In 2006, geomicrobiologist Jill Banfield was puzzled by a pattern in the genes of bacteria that had been reassembled in her lab. A repetitive sequence of genetic code bookended stretches of DNA that matched DNA from bacteria-attacking viruses. Other researchers had dubbed the peculiar genetic pattern CRISPR (“clustered regularly interspaced short palindromic repeats”), and Banfield suspected that CRISPR could be an anti-viral defense system.
A professor in earth and planetary science and environmental science, policy, and management, Banfield looked online for fellow Berkeley faculty interested in RNA interference, used by plant and animal cells in their immune response. She located biochemist Jennifer Doudna, a professor of chemistry and molecular cell biology.
Doudna’s lab studied RNA, a chemical cousin of DNA, which is the molecule that codes for life. Banfield phoned her. Doudna didn’t know Banfield and had never heard of “crisper” but was intrigued by her colleague’s intensity. As Doudna recalls in the book A Crack in Creation, “… her excitement was palpable even over the phone, so I agreed to meet her for coffee the following week.”
During their conservation at the Free Speech Movement Café, Doudna grew more curious about CRISPR’s unknown function. Her lab could design experiments to test Banfield’s hunch. “At the time,” says Doudna, “there was no experimental evidence that this was in fact an immunity pathway in bacteria, but Jill, with her incredible scientific sense, had the idea that this would be something very interesting for a biochemist like me to investigate.” Doudna followed her curiosity and started probing into the biology of CRISPR.
Ultimately, the Doudna Lab homed in on a protein called Cas9 being key to the CRISPR system. Cas9 can cut a specific sequence of DNA found with the help of an RNA guide. Doudna had begun collaborating with the lab of French microbiologist Emmanuelle Charpentier. Together, the two labs discovered in 2012 that it was possible to control where Cas9 cut DNA by changing the particular RNA guide. Cas9 could be engineered to cut DNA at any point — potentially in any cell within any kind of organism.

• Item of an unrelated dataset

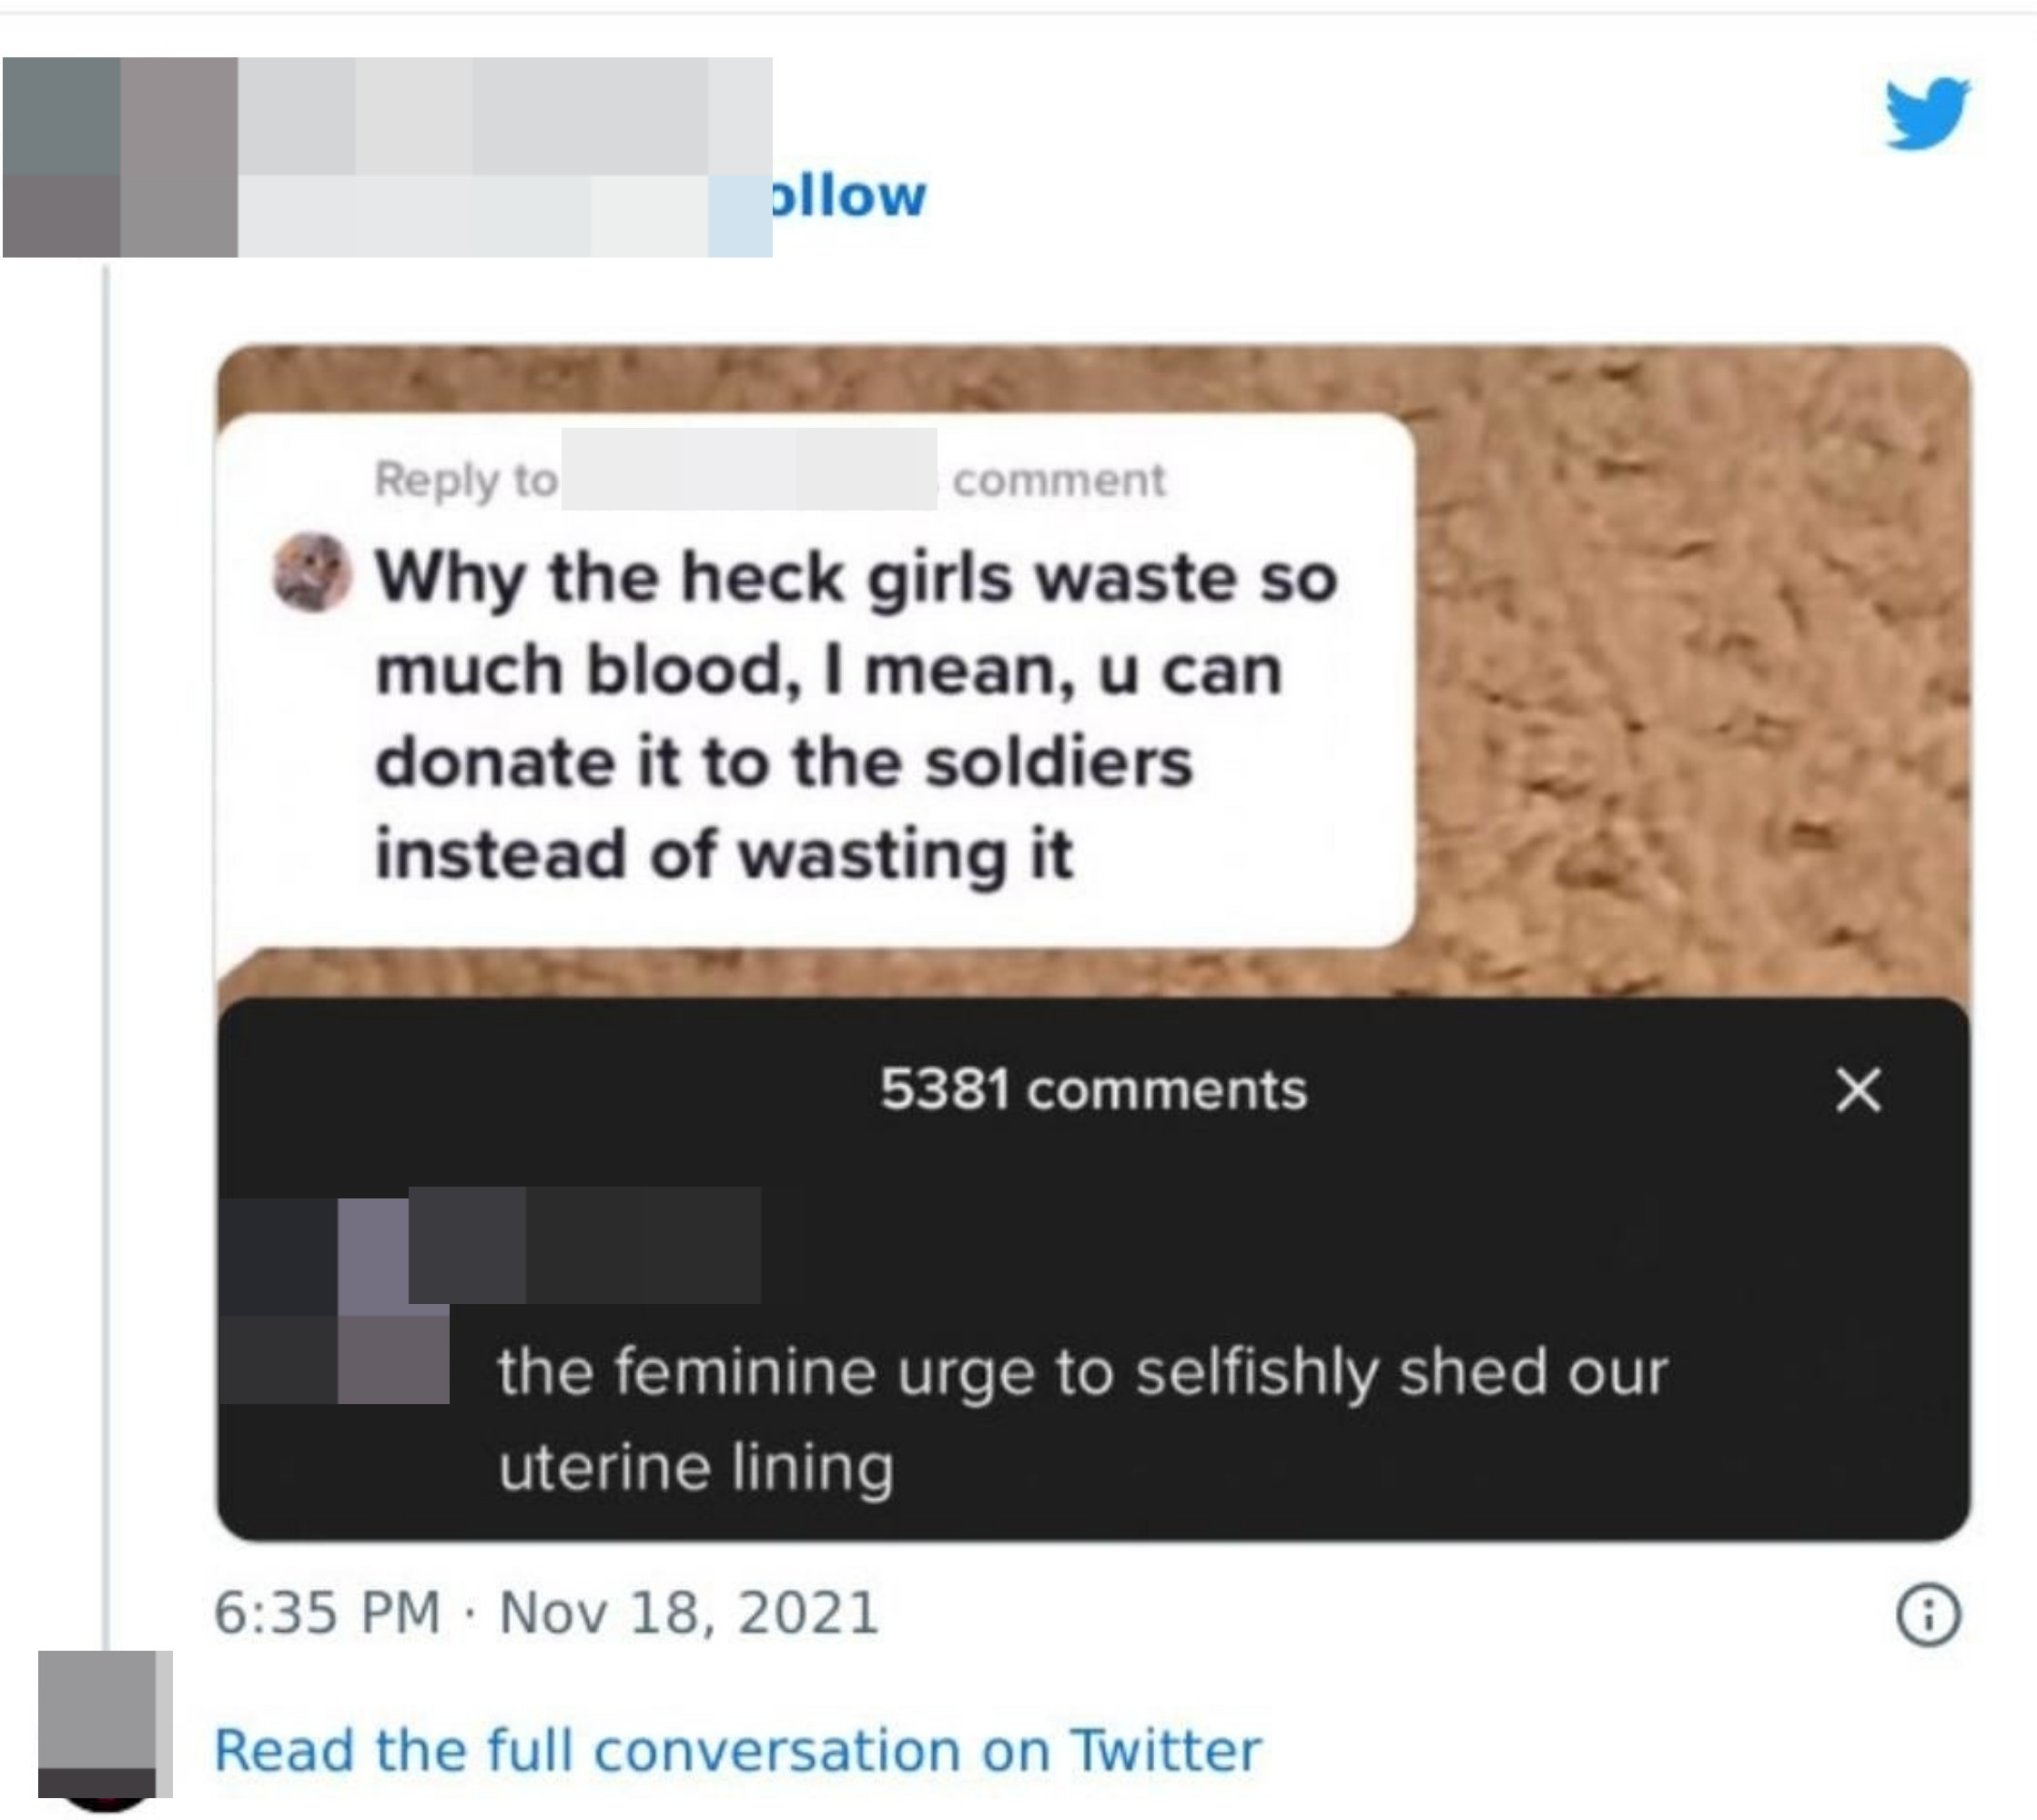 &quot;Why the heck girls waste so much blood, I mean, u can donate it to the soldiers&quot;; response: &quot;the feminine urge to selfishly shed our uterine lining&quot;
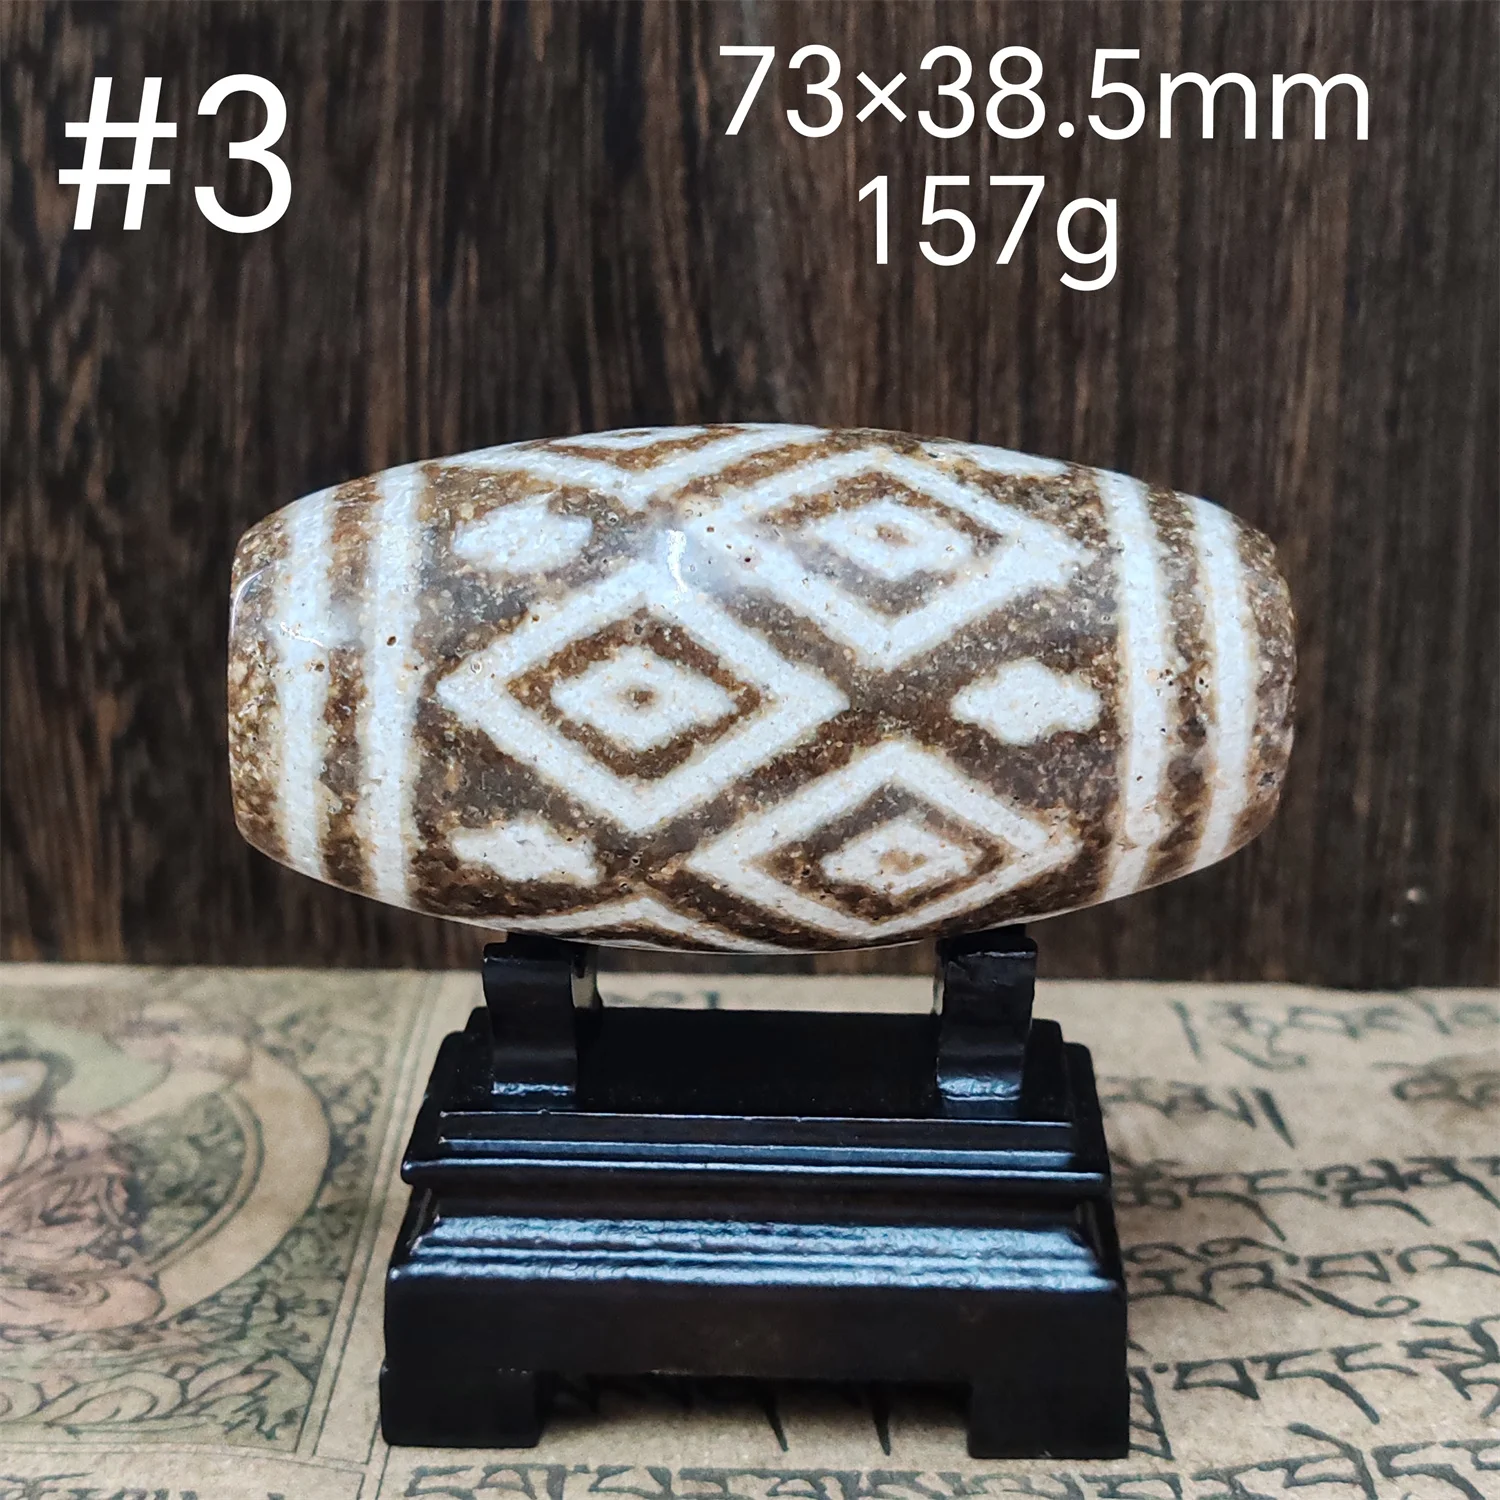 

1pcs/lot Natural Agate Xiangxiong Dzi Multi-eye pattern ancient totems as ornaments Lengthened and thickened should not be worn

On October 7, 2020, Doudna and Charpentier shared the 2020 Nobel Prize in Chemistry for this revelation, which has revolutionized the molecular life sciences around using CRISPR for genome editing. At the press conference, Doudna promptly acknowledged Banfield’s integral role. Later that day at a celebration on Zoom, Banfield praised Doudna’s inspirational research and leadership that has “put UC Berkeley at the center of the genome editing universe.”
At Berkeley, curiosity often leads to collaborative research for transformational change. Doudna and Banfield have co-authored papers and co-advised graduate students. They moved their labs into the same building, home to the Innovative Genomics Institute (IGI) that Doudna launched to lead the responsible development of CRISPR technology for solving global problems in human health and sustainability. As one of IGI’s scientific directors, Banfield oversees microbial discovery for new tools like CRISPR.
Reflecting on all that’s transpired since that auspicious coffee date, Doudna says, “[I] couldn’t have done the work without being here. I don’t think it would have happened if I wasn’t at Berkeley.”